You'll have to use your own judgement on substituting for alcohol in recipes. Sweet recipes will require different substitutions than savory. Amounts will also make a difference. You wouldn't want to use a quarter cup of almond extract (which also contains alcohol) to replace the same amount of Amaretto liqueur. Remember, the final product will not be exactly the same, but it should still be tasty.
Look at the main ingredients of your recipe. Usually the main liquid ingredient can be increased to make up a small amount of an alcoholic ingredient you leave out. If the amount is less than a tablespoon, it can probably be omitted completely without any replacement.
Any variety of juices and/or tomato juice can often be substituted in marinades. The acidic component of the juice replaces the alcohol in breaking down the fibers in meat and making it more tender.

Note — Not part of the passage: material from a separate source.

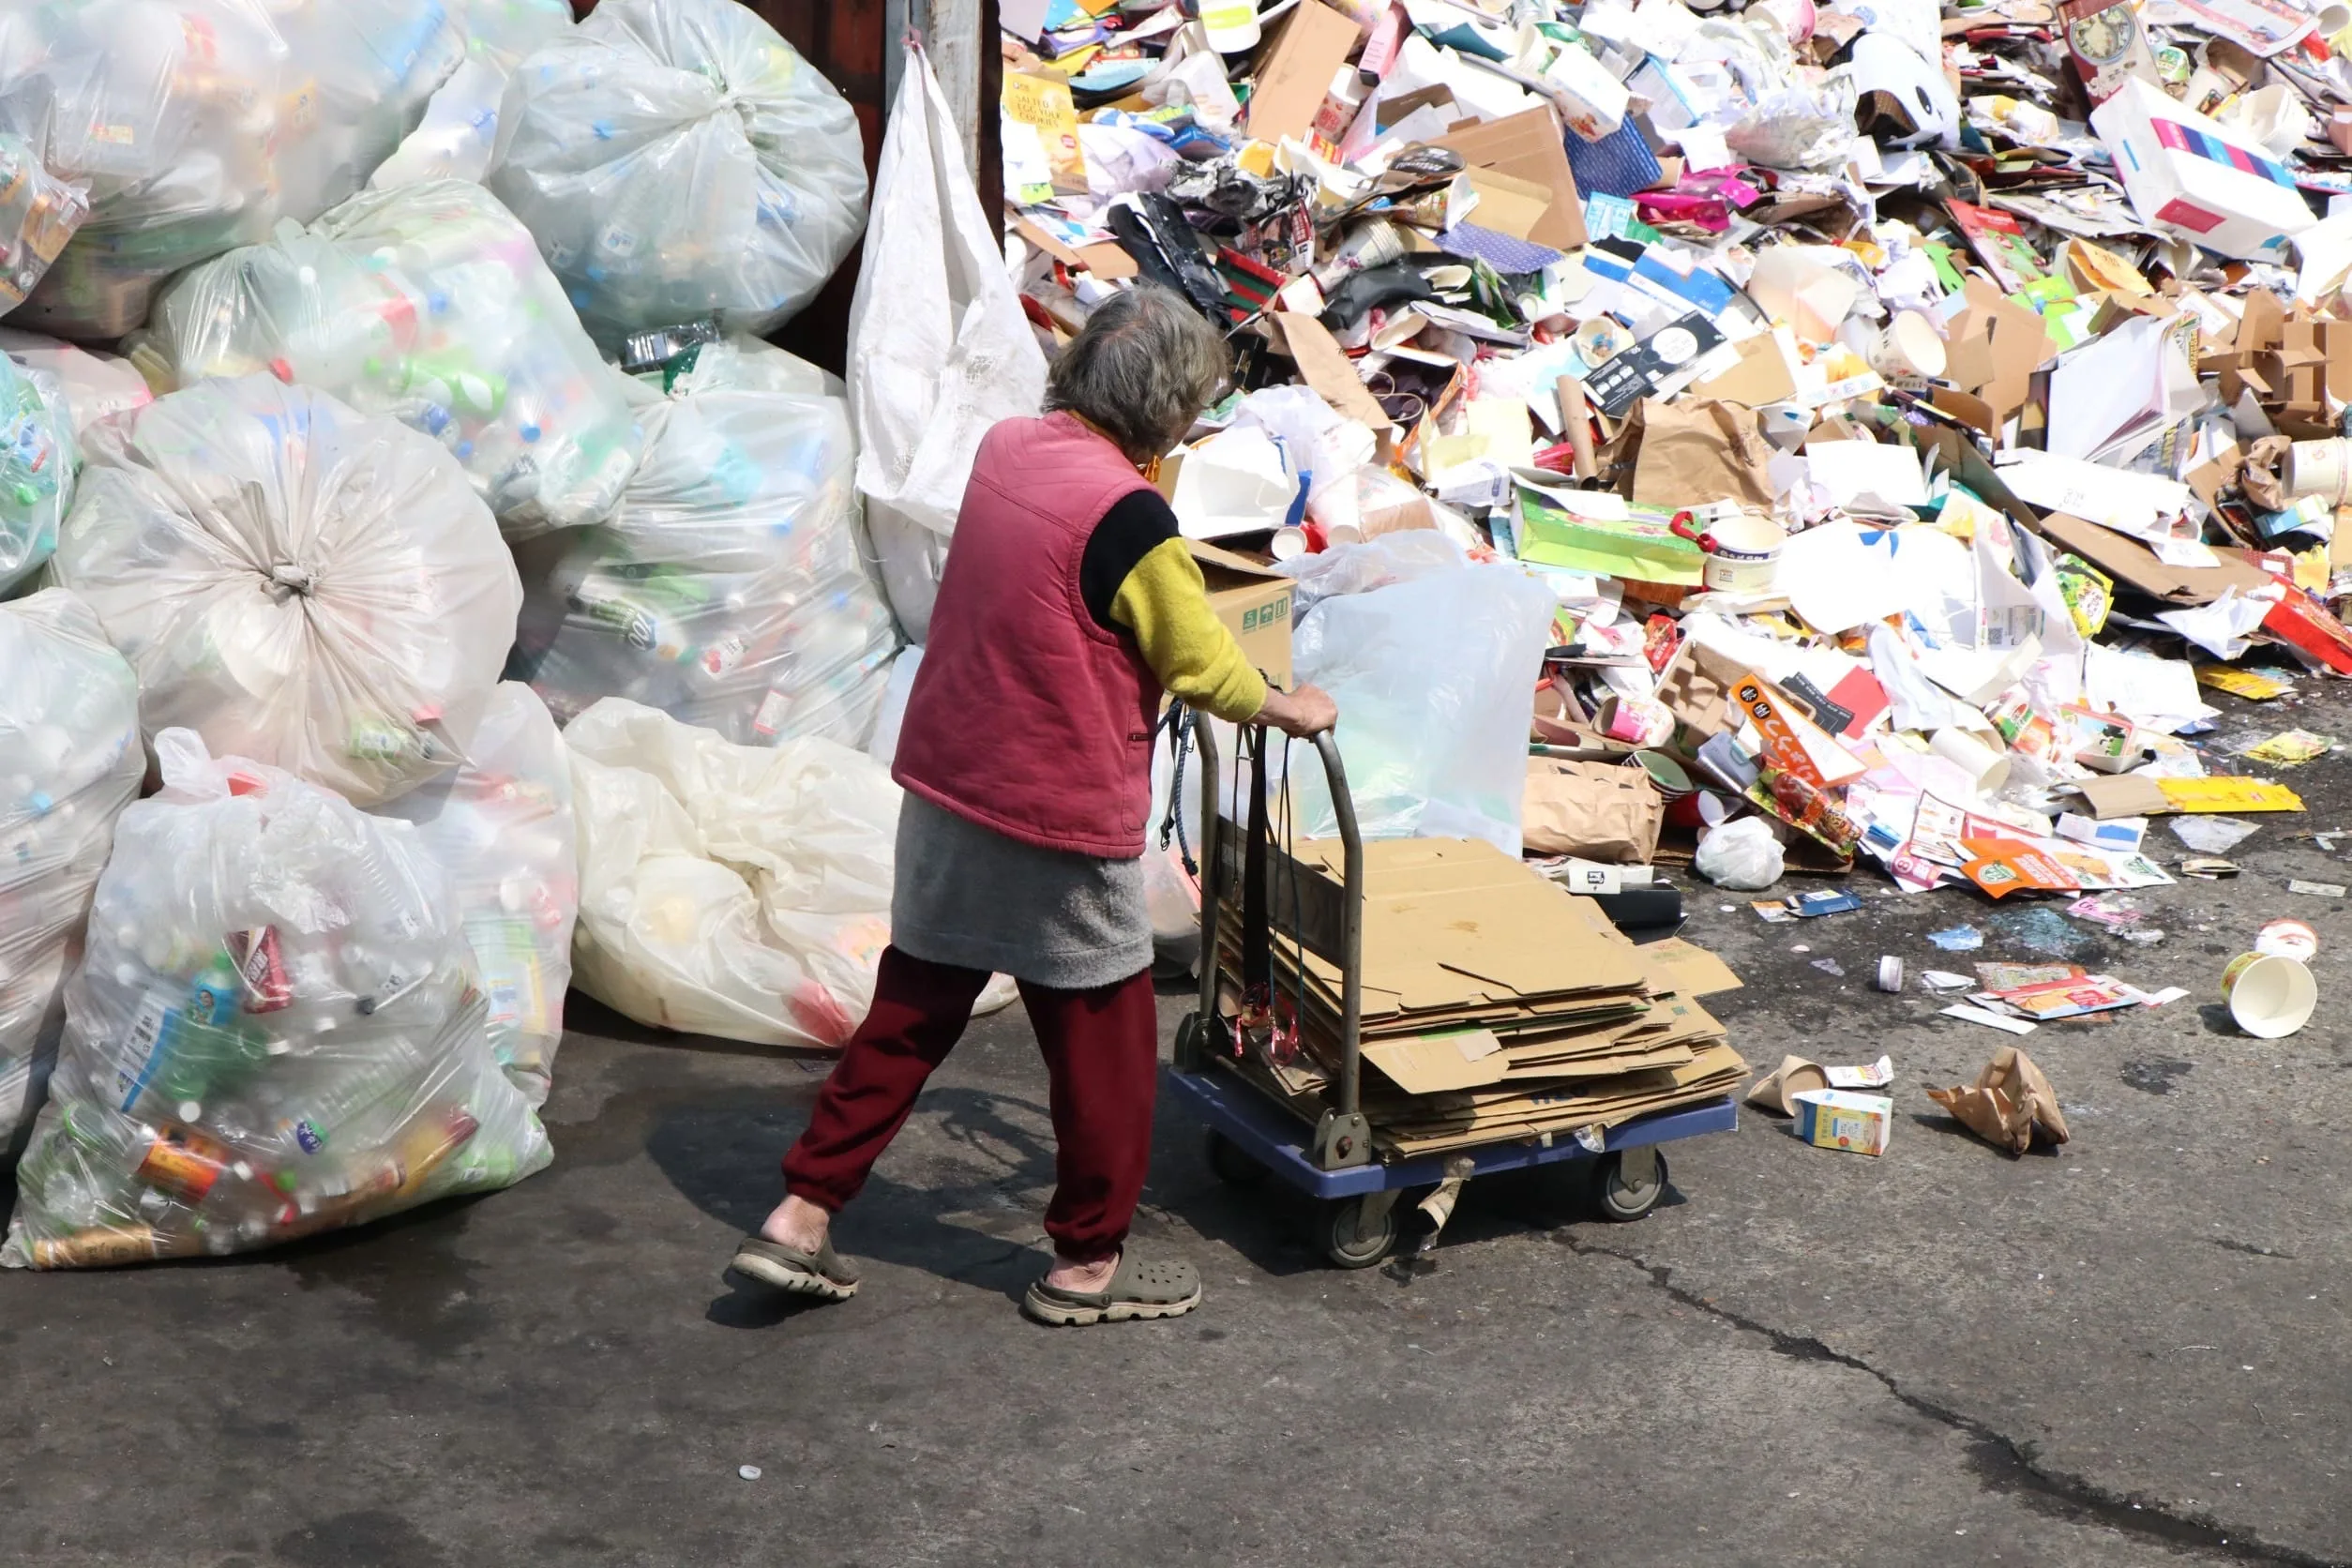 回收廠違法經營 環保衛生陷兩難

Extracts, flavorings, syrups and juices can be substituted for flavor-based liquors and liqueurs. They will usually need to be diluted. Remember that extracts contain alcohol, too. If a large amount of an extract is called for, be safe and buy alcohol-free extracts at a specialty store such as Whole Foods or Central Market (Frontier brand). They are manufactured using glycerin instead of alcohol.

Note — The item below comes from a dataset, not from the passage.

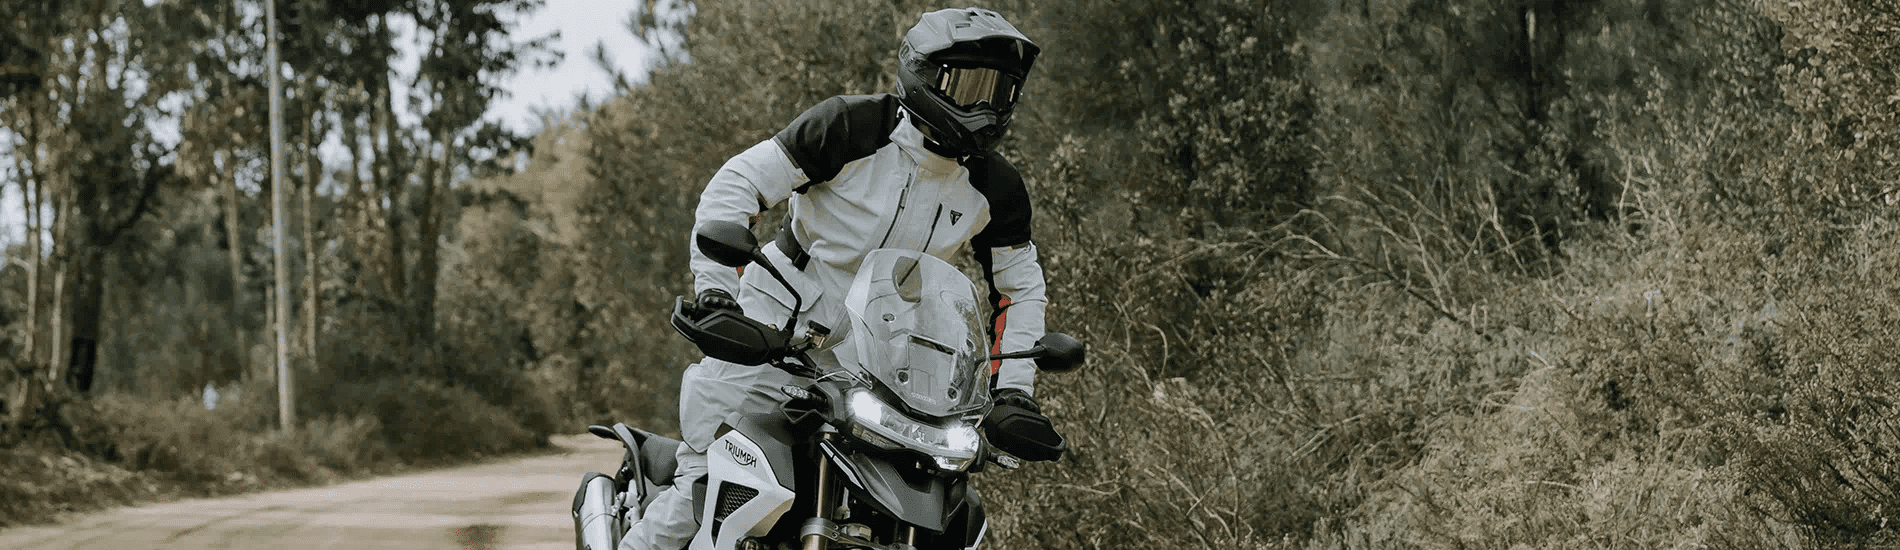 Landing Page - Enduro Rider Tiger 1200)

Non-alcoholic wine or wine vinegar can be substituted for wine. Use non-alcoholic wines over cooking wine or sherry. The cooking wines and sherries are loaded with sodium which detracts from flavor and adds a salty flavor to the food. Tomato sauce or juice combined with Worcestershire sauce or soy sauce can work as a substitute for many robust liquors.
If the alcoholic ingredient in the recipe is intended to be the main flavor, find another recipe. It just will taste too different if you eliminate the alcohol.